Where a picture appears, skip it and copy everything else in the listing exactly.

### COLLECTED MATERIAL:

_ _ _ _ _ _ _

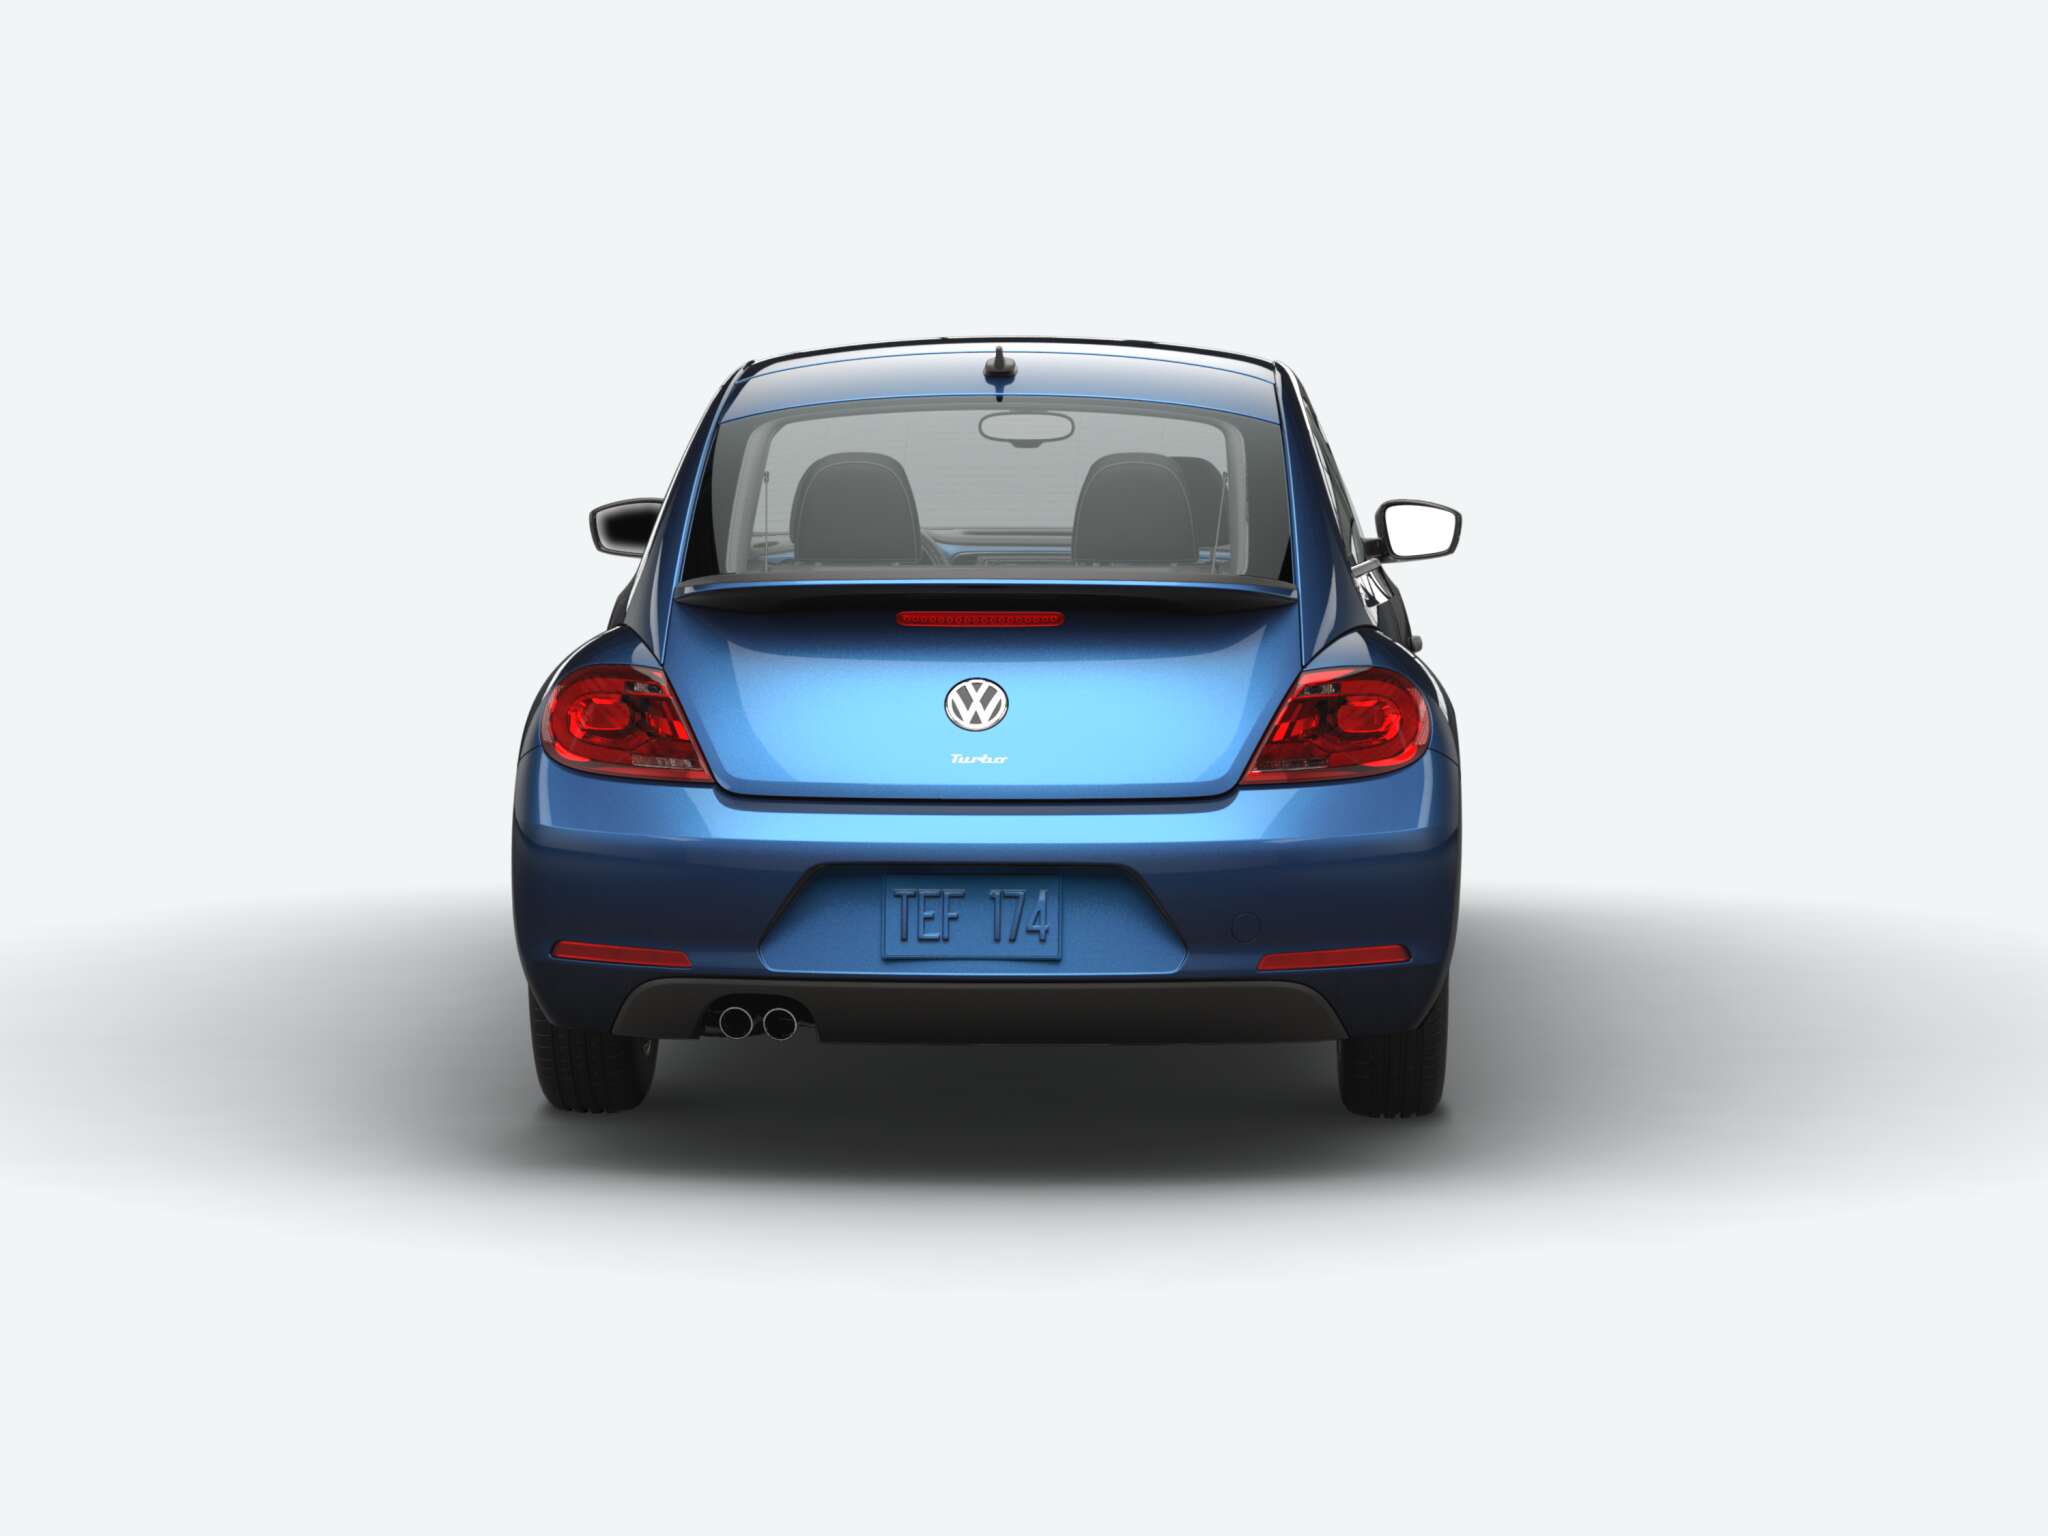 Volkswagen Beetle S rear view
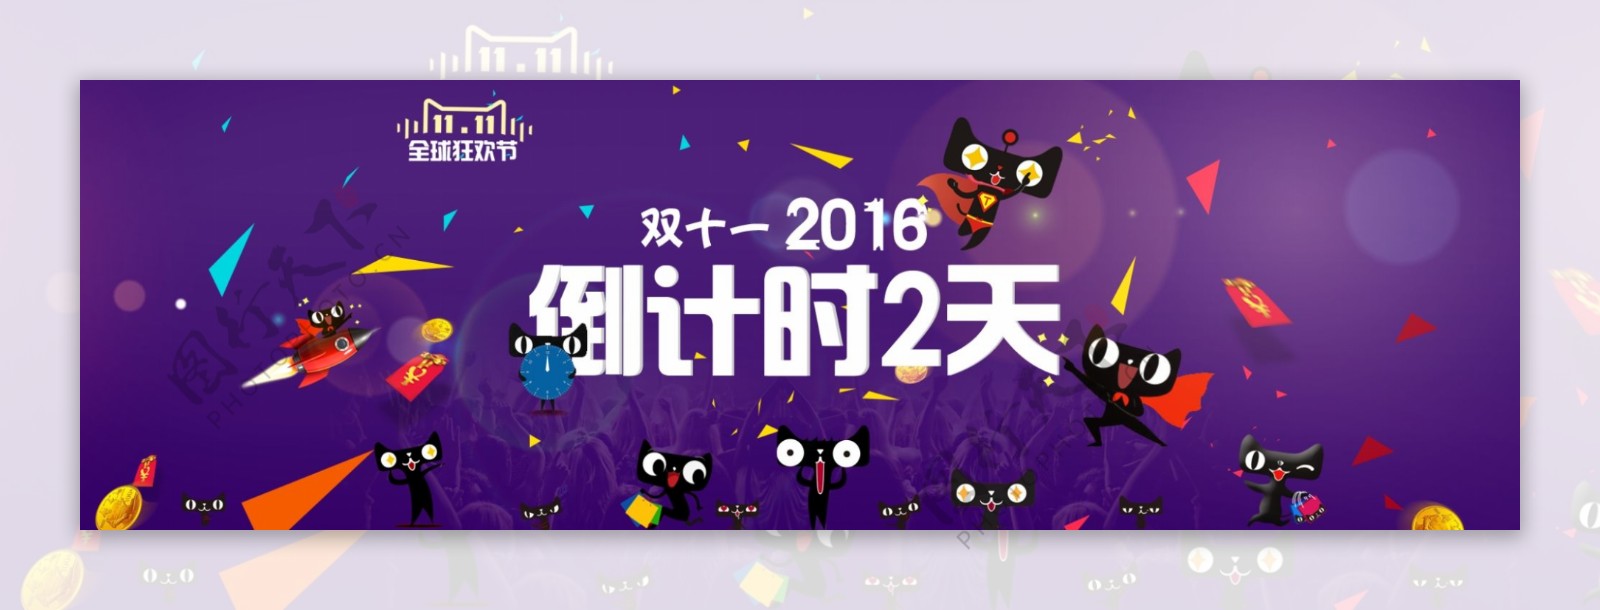 淘宝天猫双十一促销活动紫色海报设计
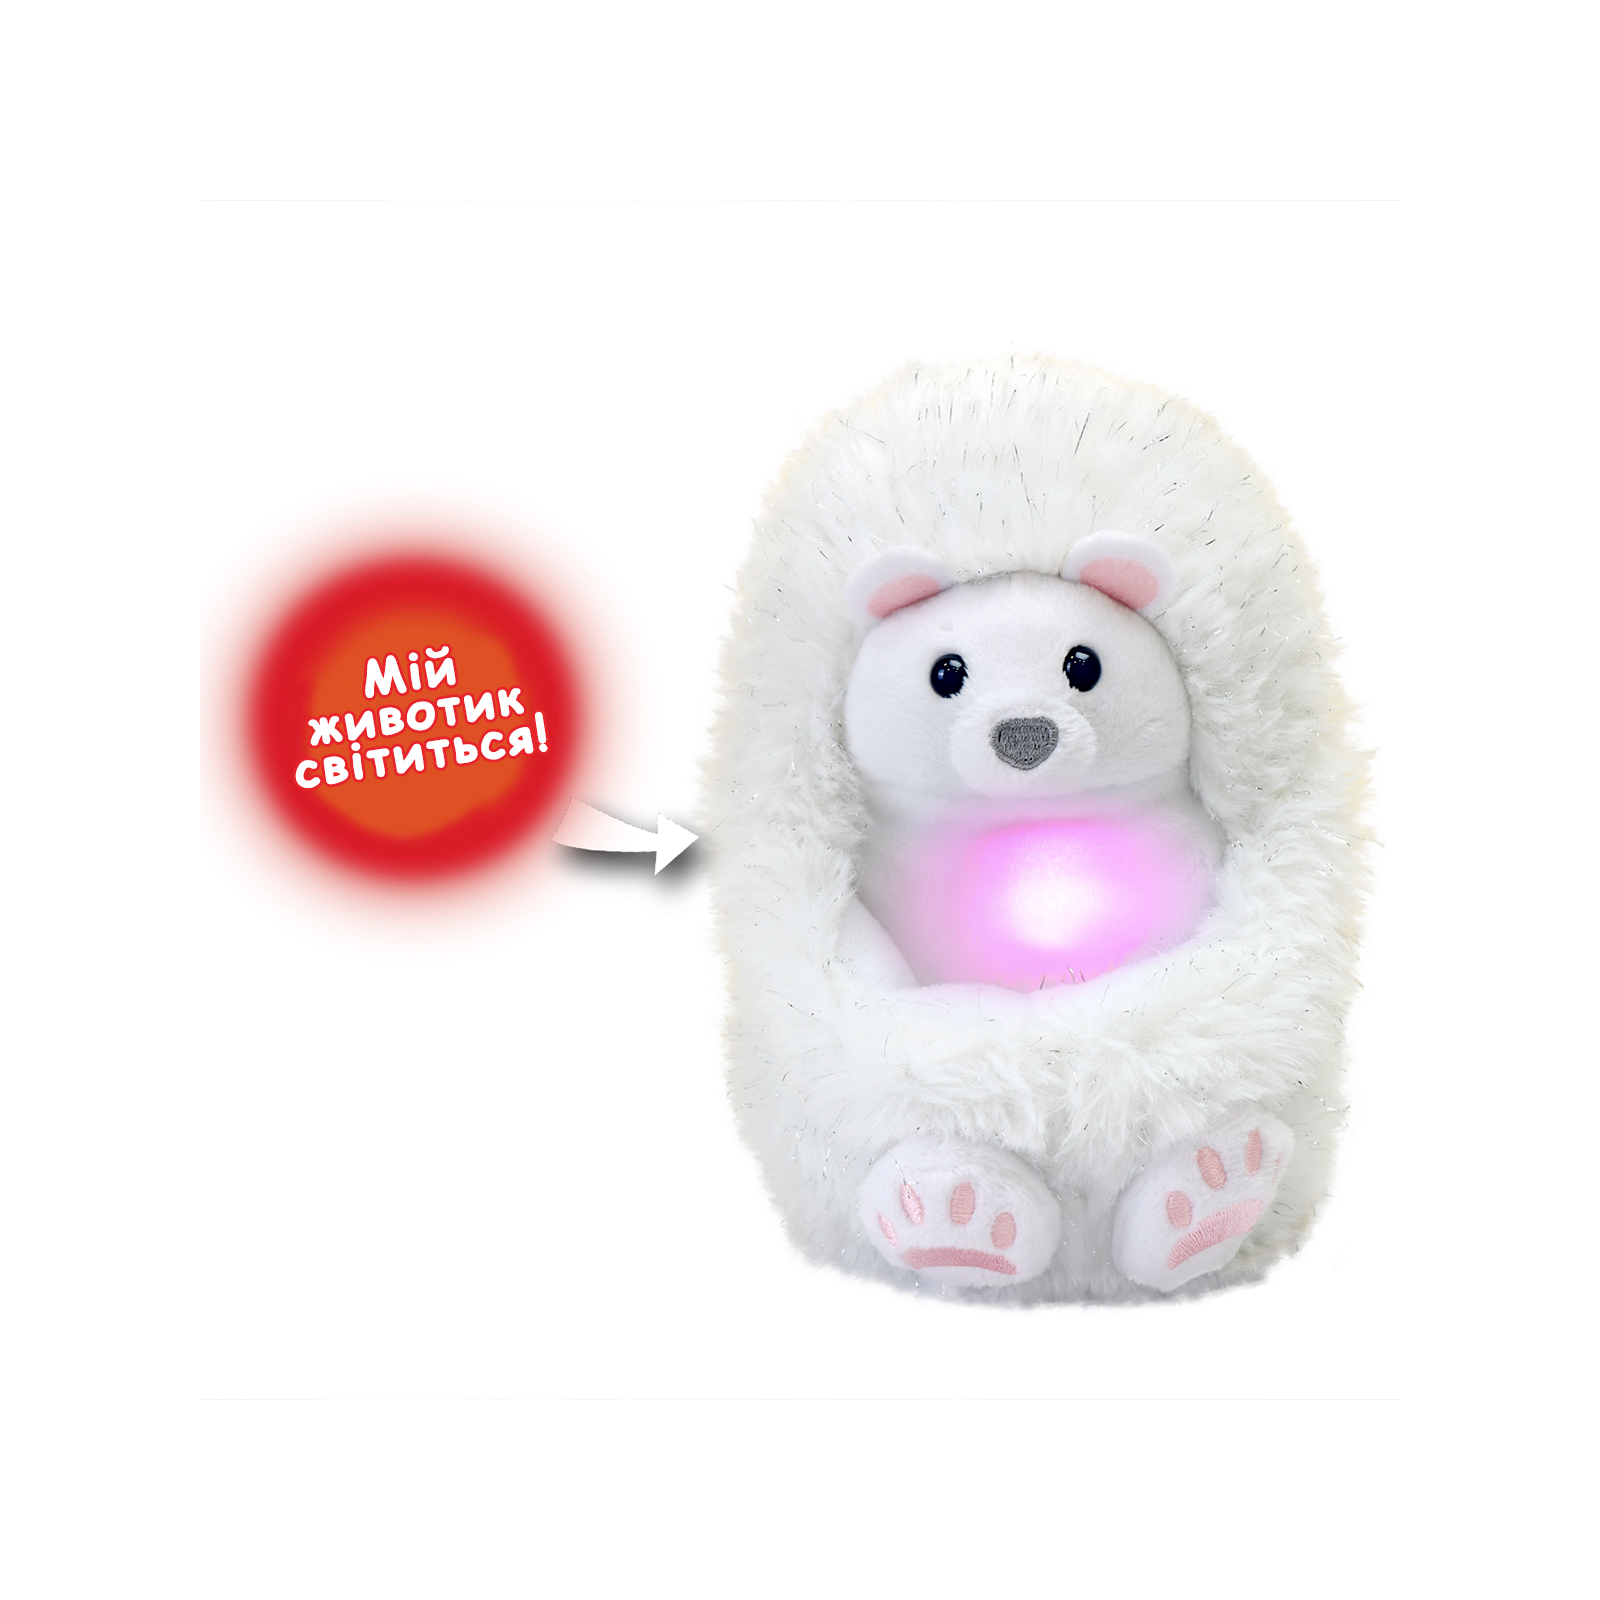 Интерактивная игрушка Curlimals серии Arctic Glow - Полярный мишка Перри (3725) изображение 4

_ _ _ _ _ _ _

### RESULT OF THE TASK:
 Volkswagen Beetle S rear view
 淘宝天猫双十一促销活动紫色海报设计
 Интерактивная игрушка Curlimals серии Arctic Glow - Полярный мишка Перри (3725) изображение 4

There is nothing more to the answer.